Ptex doesn't actually solve the issue. its just like the magic unusable auto uv. its good for certain things not all things.
Ptex is fine for getting the colors onto your model and sticking them there*. But again if you want to use photoshop they are useless. It depends on what you do. Its not a silver bullet, it works for a lot of things but fails for a lot of things. It really depends on what you do.
BTW. you can do the same thing as PTEX already all you need to do is have humongous polycounts and use per vertex coloring. All ptex does is allows you to map these from a hires mesh to a low res one WITHOUT needing to actually have the geo in place. Plus doings all the boring job of filtering.

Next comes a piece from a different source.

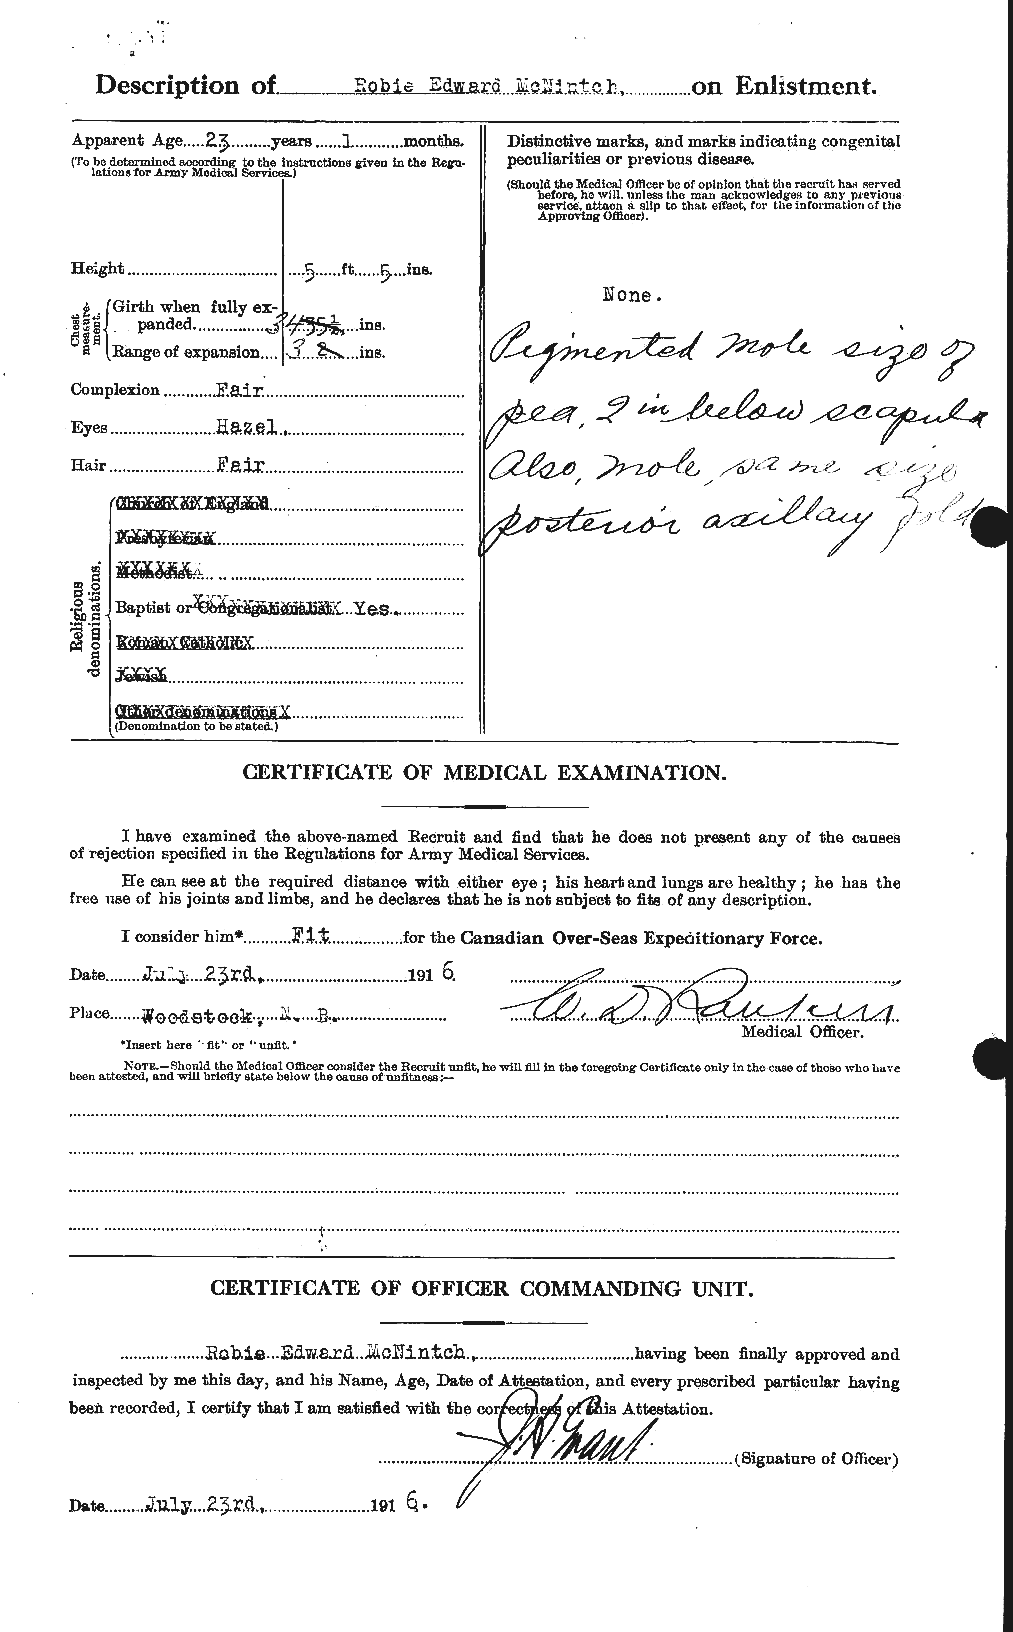 Personnel Records of the First World War - CEF 539269b
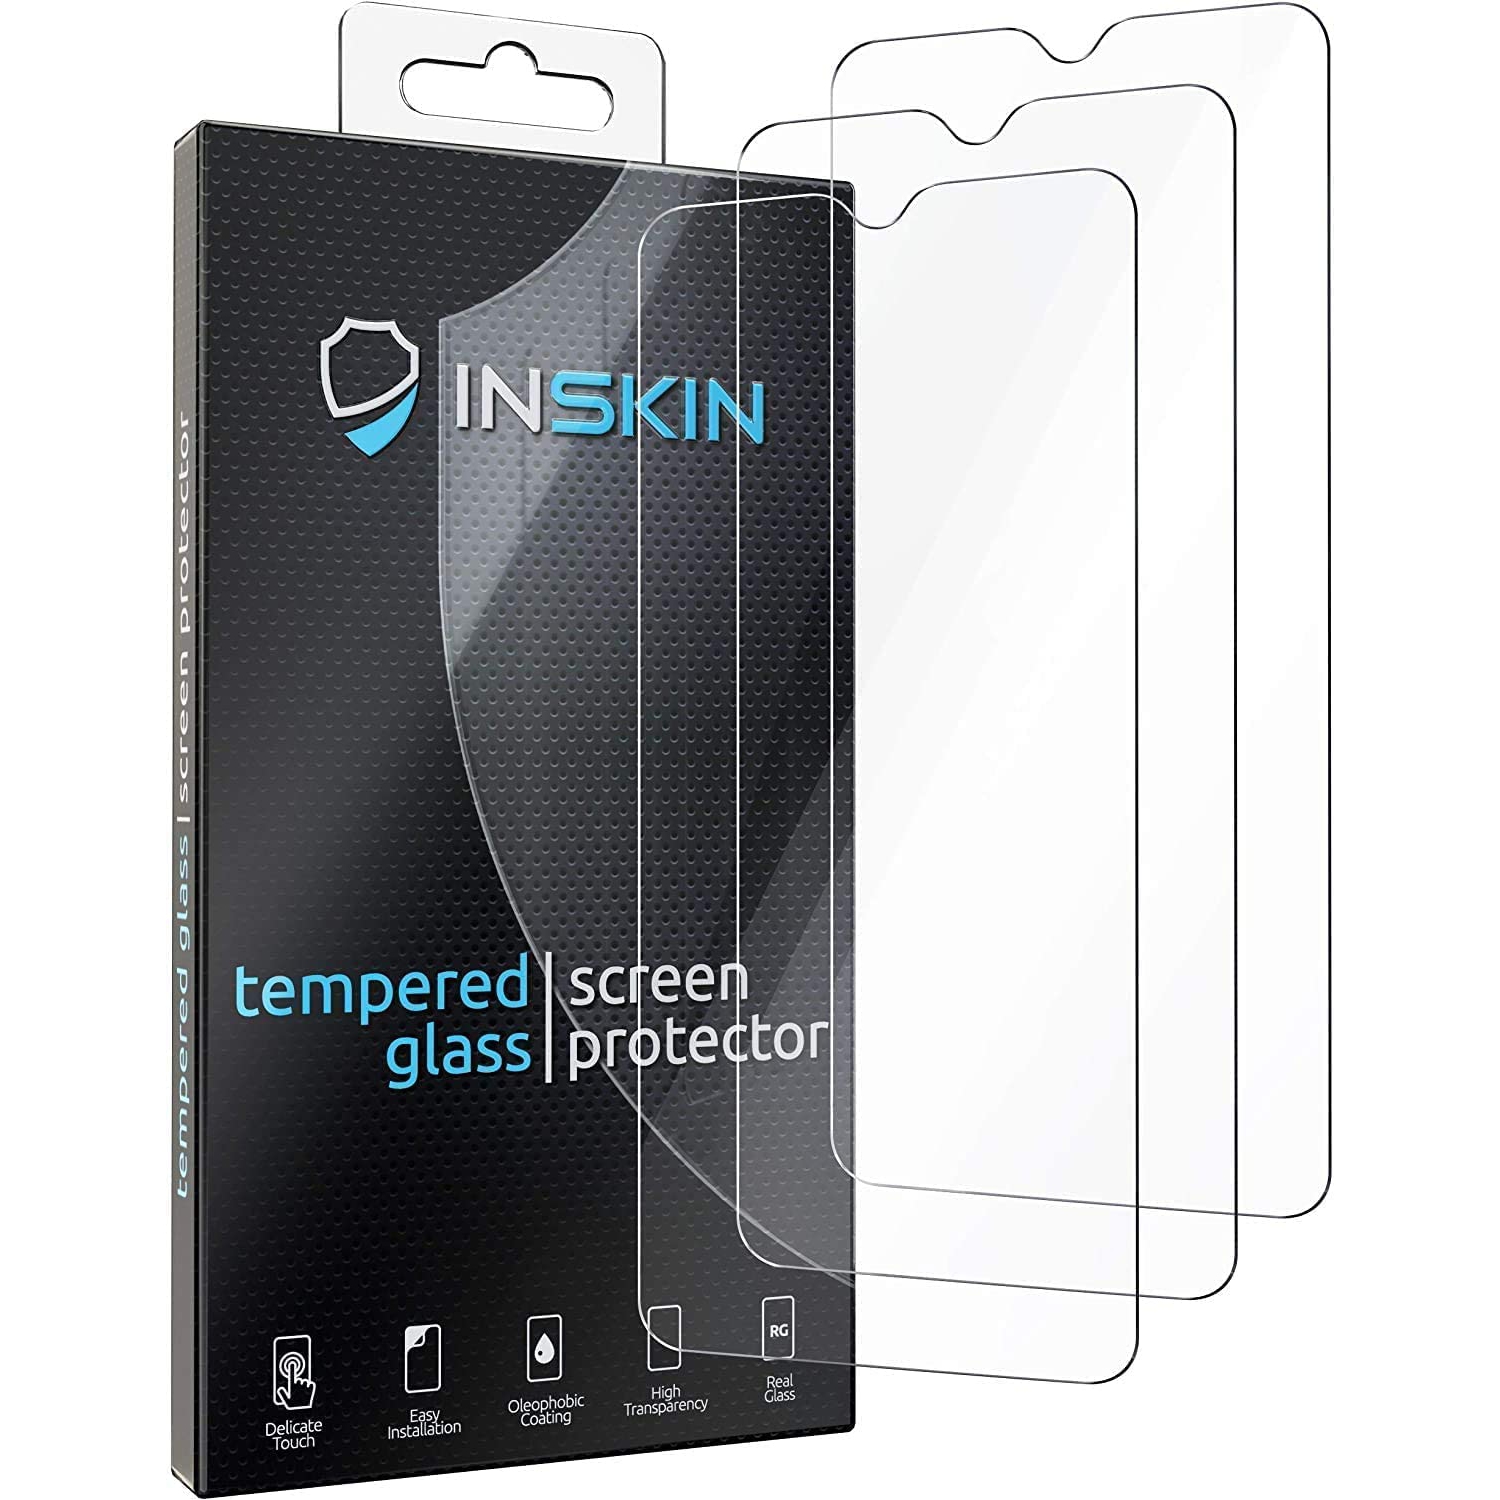 Inskin Tempered Glass Screen Protector for TCL 30 XE 5G 2022 6.52 inch - 3-Pack, HD Clear, Case-Friendly, 9H Hardness

But yeah PTEX is great just not great for everything. I still need to do UV's for a lot of things even WITH ptex**, just not for all the damn things i would need to ever texture. So yes its better for maybe 75% of the MOVIE tasks out there.
IF on the other hand your doing interactive models for gaming then your still stuck with texture maps for the foreseeable future. Because the extra complexity can not be spared, nobody wants a 0.1 fps game because its easier on your end.
- and avoiding a s*!tload of problems with uv filtering (at the cost of some serious computational complexity), but only un subdivison models.
** lots of thisga are easy to do if you have a uv map. because its simple. It depends really on if you want complexity up front or complexity later.